= Data segment =

%%

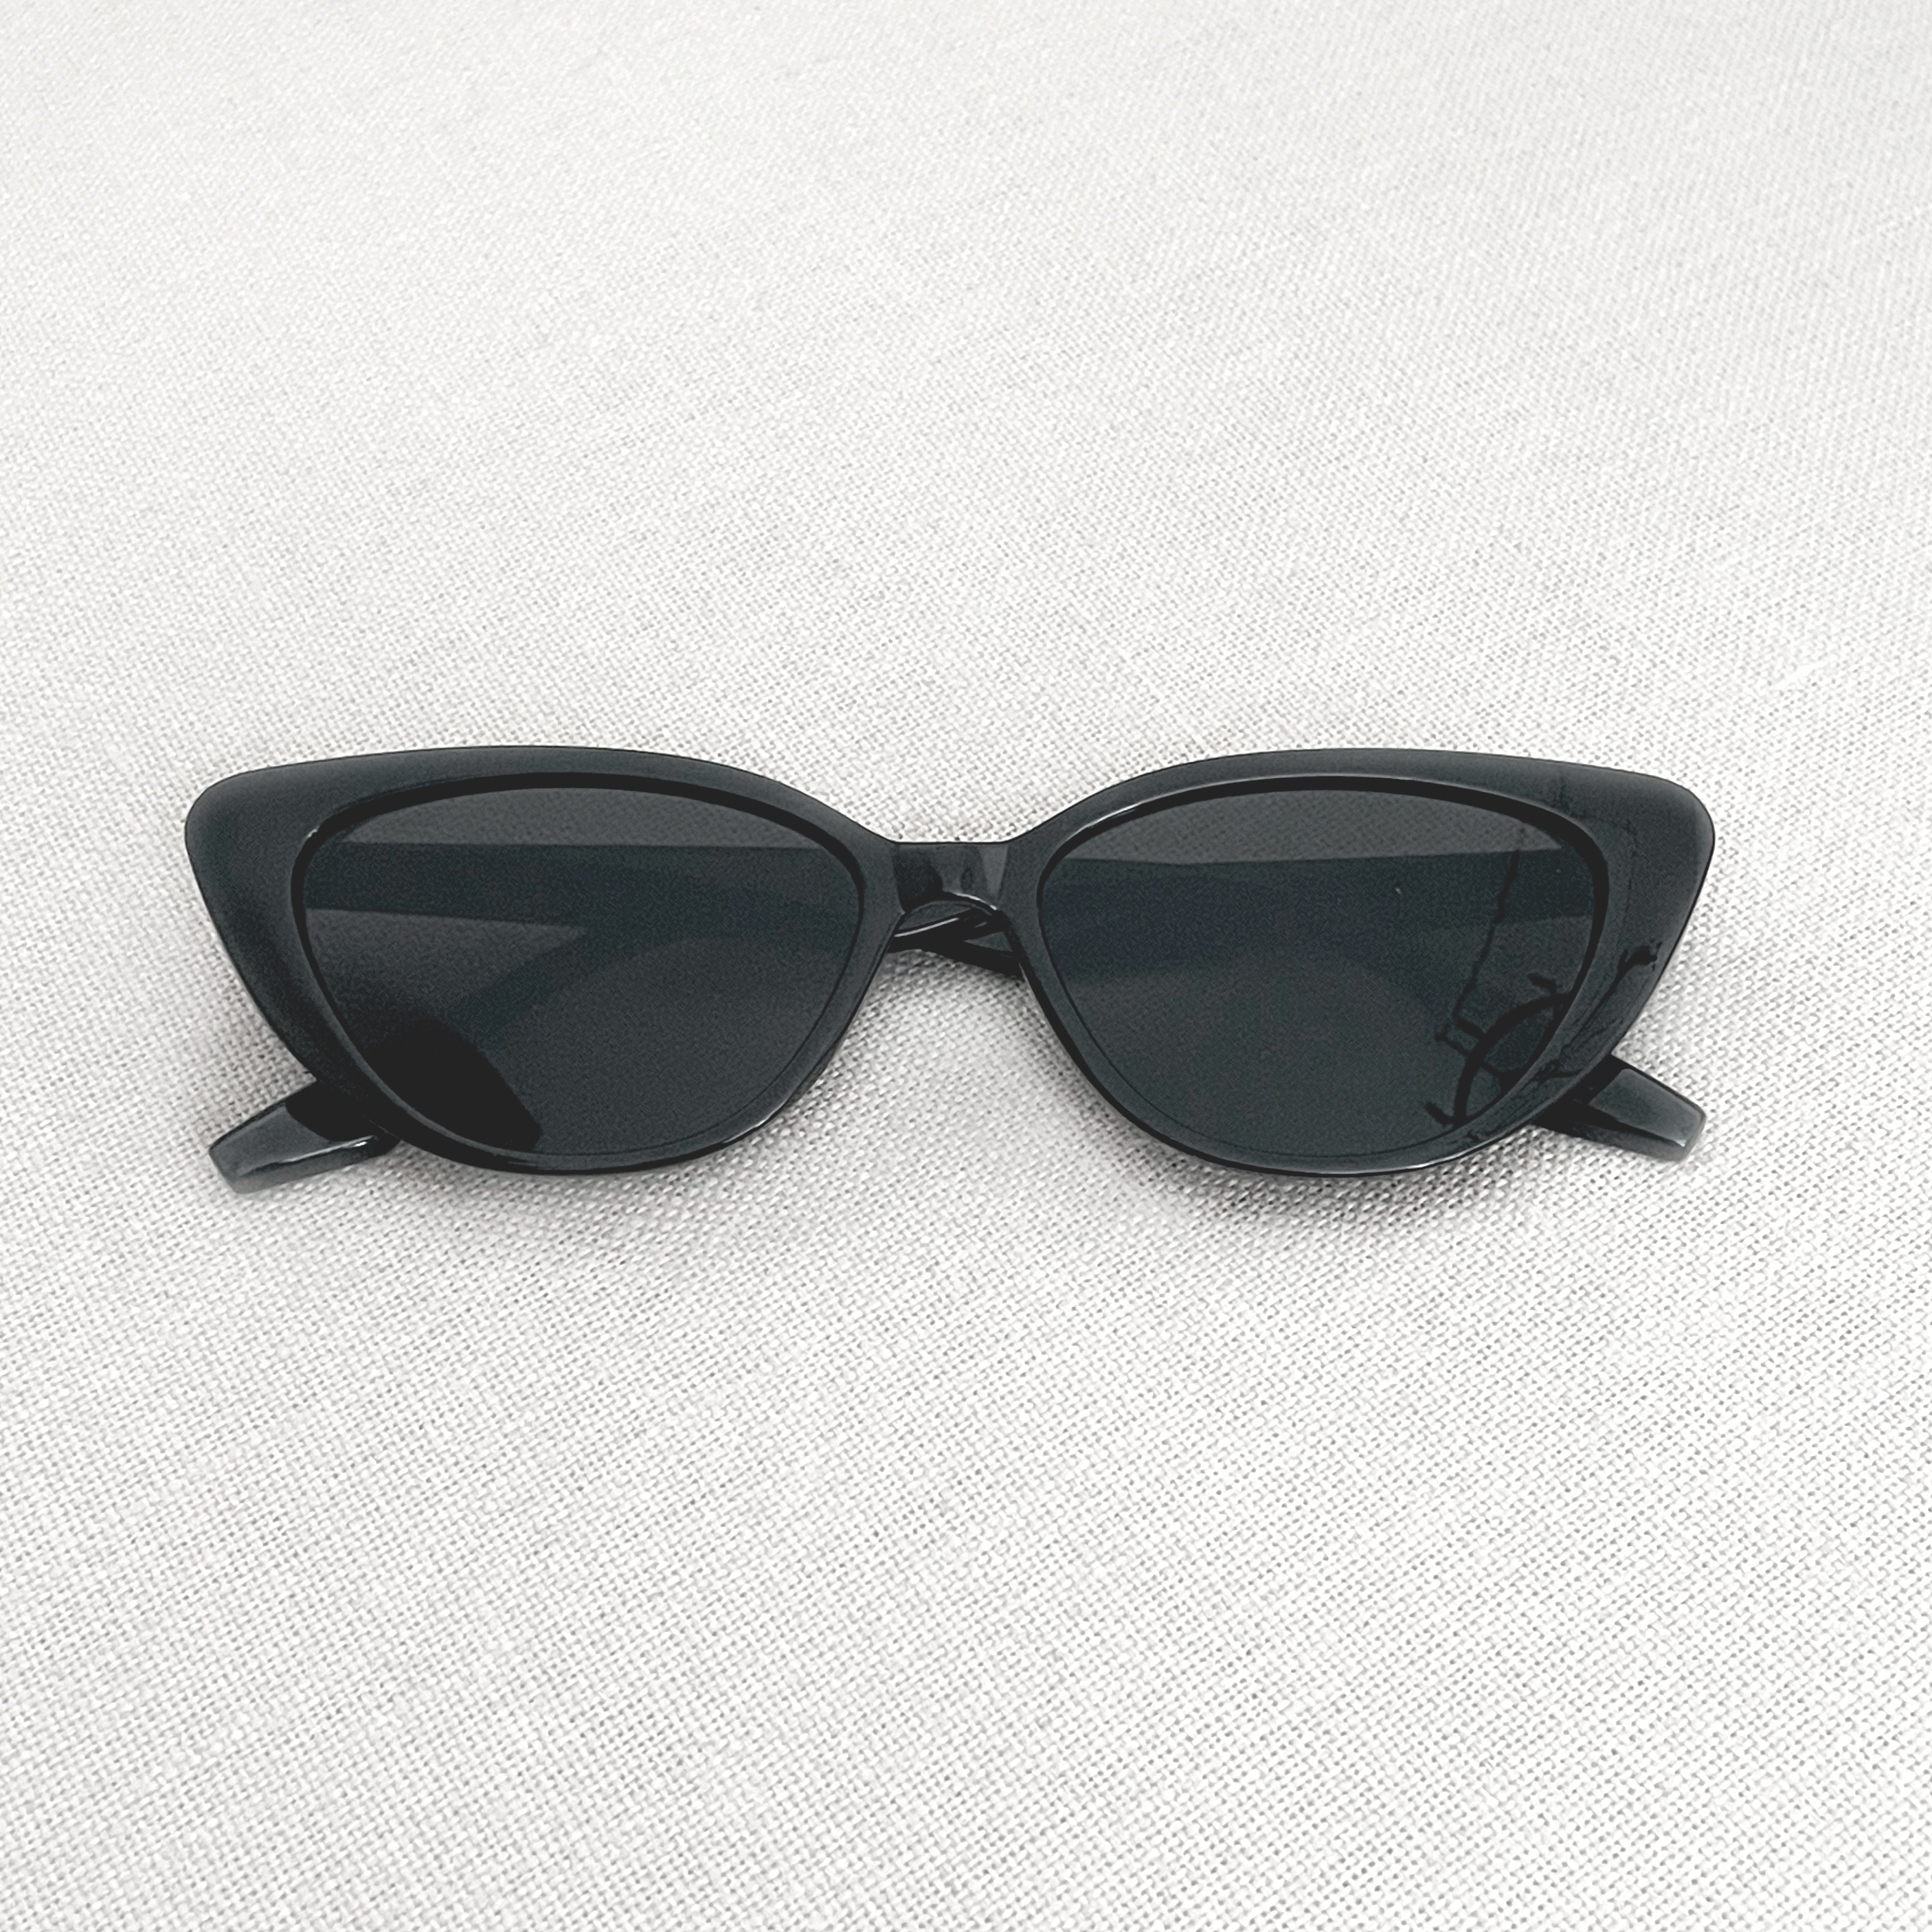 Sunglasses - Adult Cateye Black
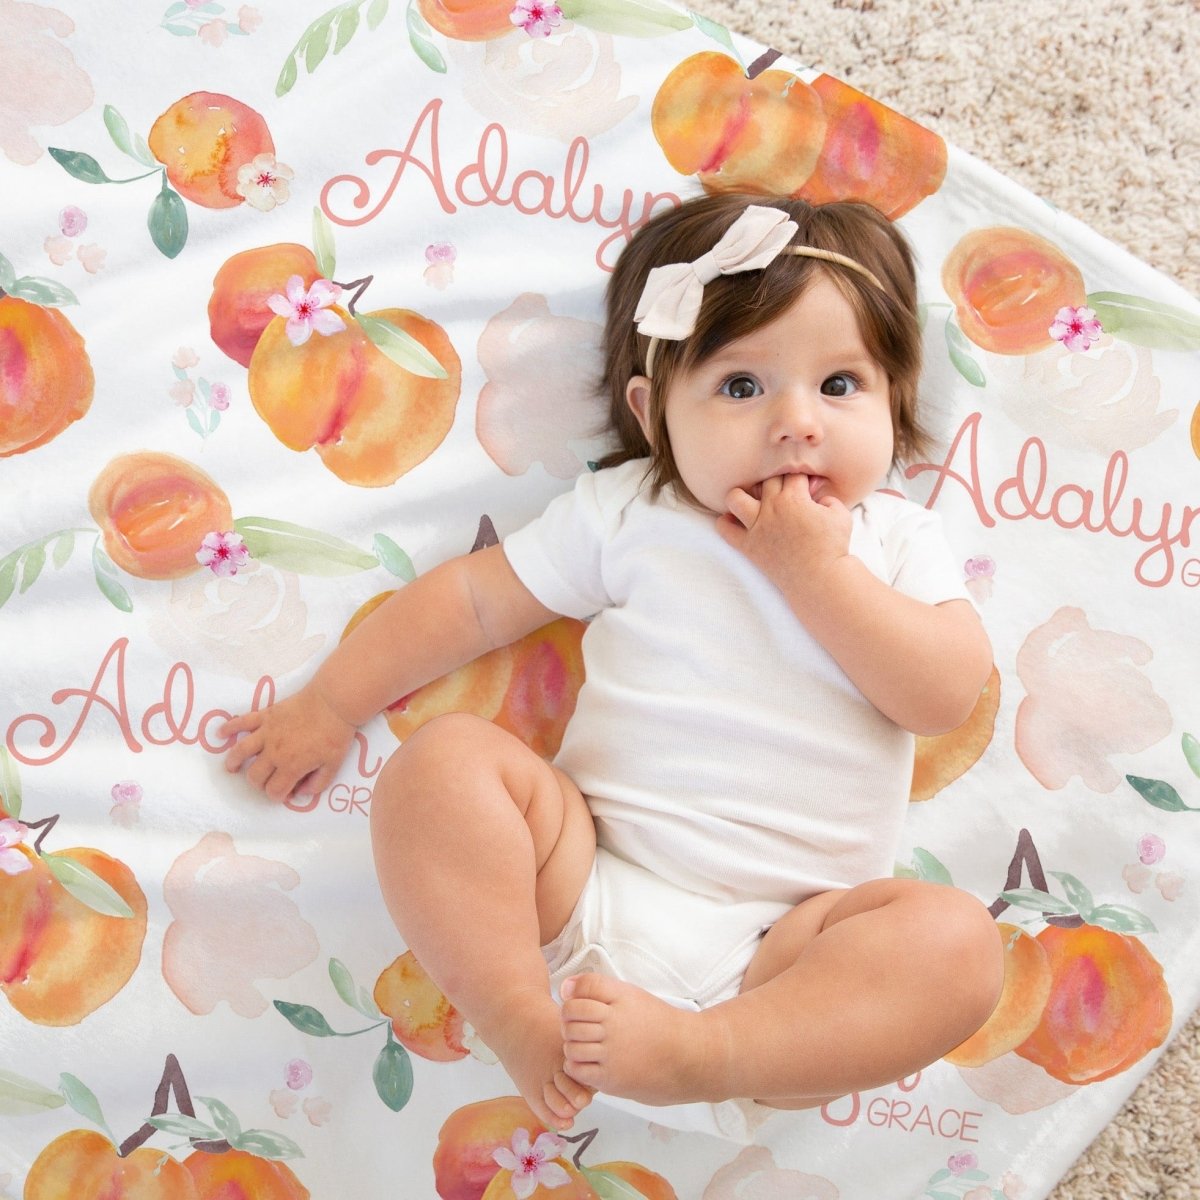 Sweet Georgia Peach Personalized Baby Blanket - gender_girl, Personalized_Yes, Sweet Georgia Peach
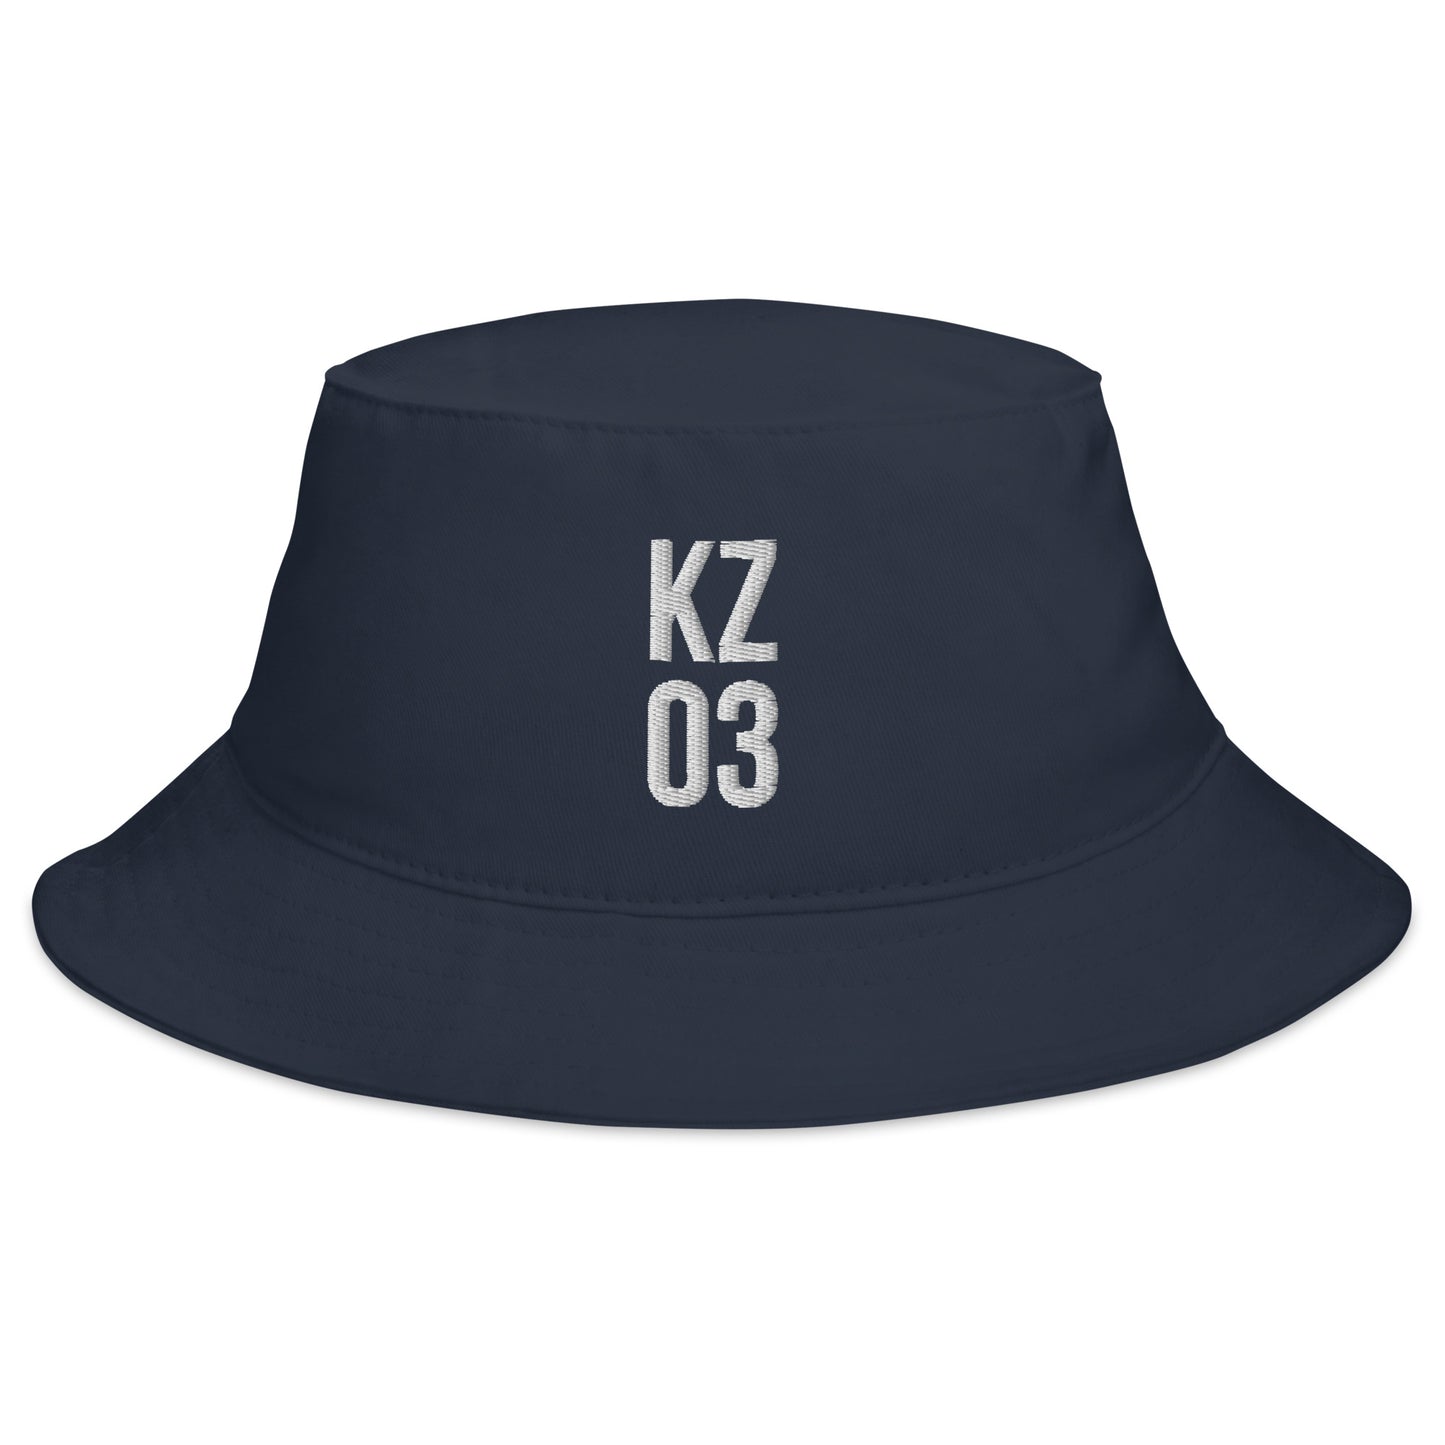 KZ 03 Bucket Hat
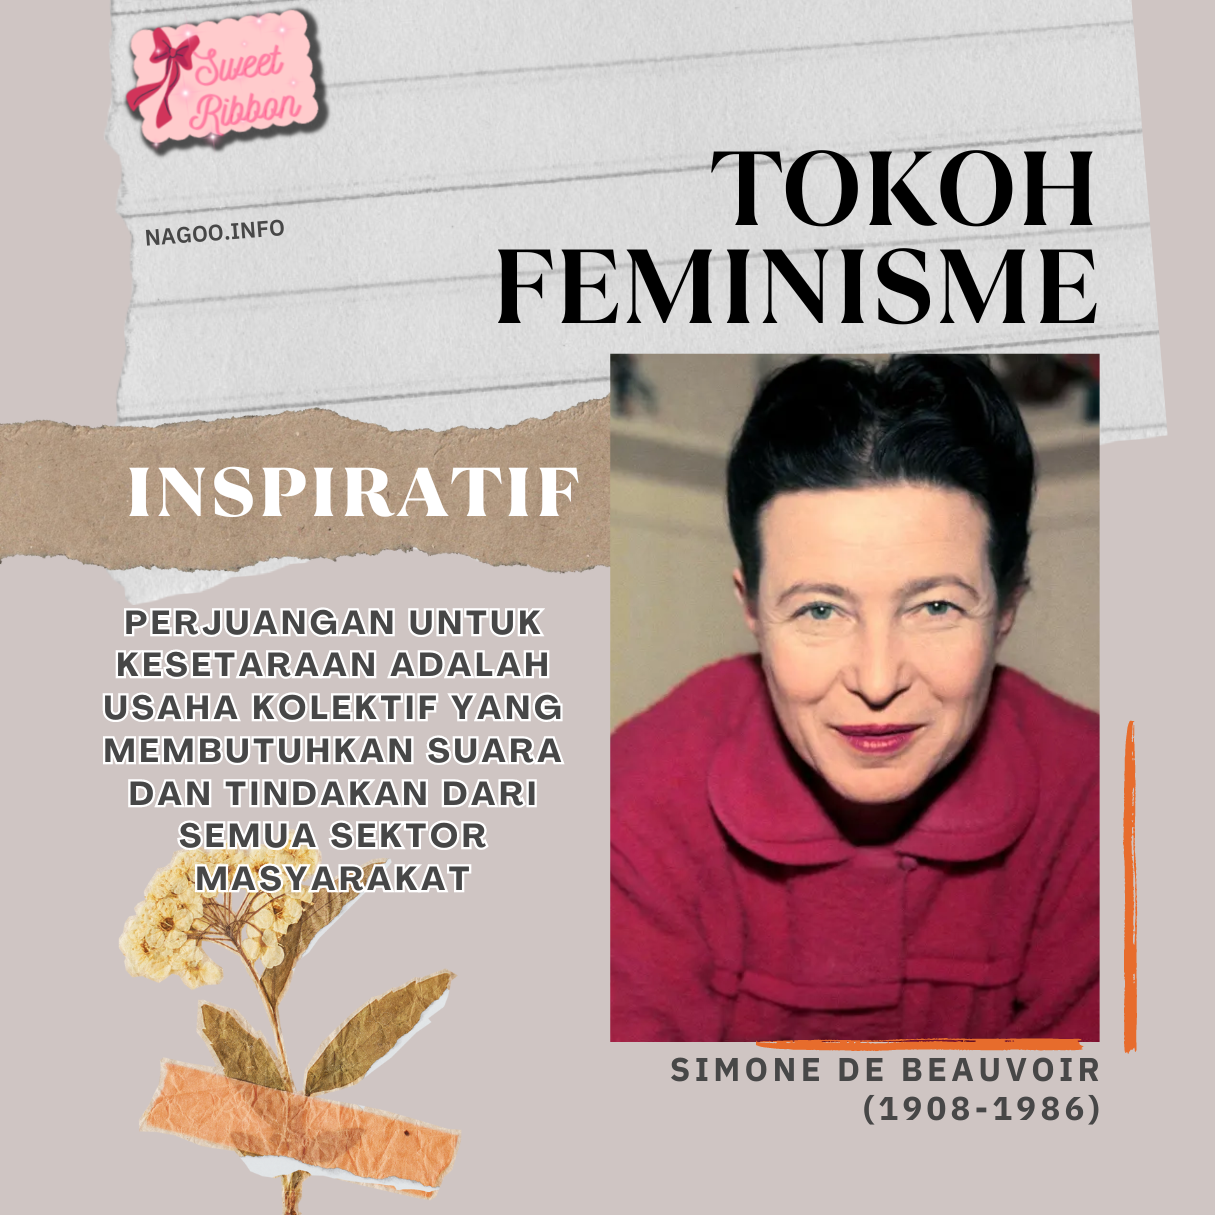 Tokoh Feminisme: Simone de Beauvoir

%%

= Work instructions =
Except for the pictures, write the data out exactly.

= Result of the exercise =
 Sunglasses - Adult Cateye Black
 Sweet Georgia Peach Personalized Baby Blanket - gender_girl, Personalized_Yes, Sweet Georgia Peach
 KZ 03 Bucket Hat
 Tokoh Feminisme: Simone de Beauvoir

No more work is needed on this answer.